▸ Exercise instructions: Filter on the word "Steel": copy each matching line from the listing below.

▸ Material supplied:
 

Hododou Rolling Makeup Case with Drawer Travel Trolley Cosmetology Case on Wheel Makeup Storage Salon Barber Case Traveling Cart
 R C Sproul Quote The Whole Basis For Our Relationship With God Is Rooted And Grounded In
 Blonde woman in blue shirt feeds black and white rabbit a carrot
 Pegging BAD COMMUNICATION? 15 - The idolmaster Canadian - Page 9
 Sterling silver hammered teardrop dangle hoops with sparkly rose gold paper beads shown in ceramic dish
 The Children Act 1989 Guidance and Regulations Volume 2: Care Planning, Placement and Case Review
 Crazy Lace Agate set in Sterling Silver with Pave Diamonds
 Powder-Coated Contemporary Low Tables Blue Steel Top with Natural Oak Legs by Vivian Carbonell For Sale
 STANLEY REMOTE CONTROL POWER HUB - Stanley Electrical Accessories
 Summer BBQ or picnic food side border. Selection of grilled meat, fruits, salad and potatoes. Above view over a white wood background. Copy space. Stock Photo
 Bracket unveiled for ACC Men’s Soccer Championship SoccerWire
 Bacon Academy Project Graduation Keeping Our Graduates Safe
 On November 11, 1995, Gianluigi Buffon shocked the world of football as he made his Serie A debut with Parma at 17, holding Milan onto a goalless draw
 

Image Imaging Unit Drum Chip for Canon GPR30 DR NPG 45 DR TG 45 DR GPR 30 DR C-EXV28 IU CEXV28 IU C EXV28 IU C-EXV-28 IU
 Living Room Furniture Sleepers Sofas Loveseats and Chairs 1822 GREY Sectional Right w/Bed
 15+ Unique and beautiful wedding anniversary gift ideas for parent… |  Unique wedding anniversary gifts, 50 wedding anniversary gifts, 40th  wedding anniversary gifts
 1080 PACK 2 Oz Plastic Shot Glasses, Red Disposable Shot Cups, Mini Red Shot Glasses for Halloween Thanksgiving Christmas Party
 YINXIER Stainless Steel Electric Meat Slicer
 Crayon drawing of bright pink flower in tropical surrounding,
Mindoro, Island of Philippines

▸ Answer section:
 Powder-Coated Contemporary Low Tables Blue Steel Top with Natural Oak Legs by Vivian Carbonell For Sale
 YINXIER Stainless Steel Electric Meat Slicer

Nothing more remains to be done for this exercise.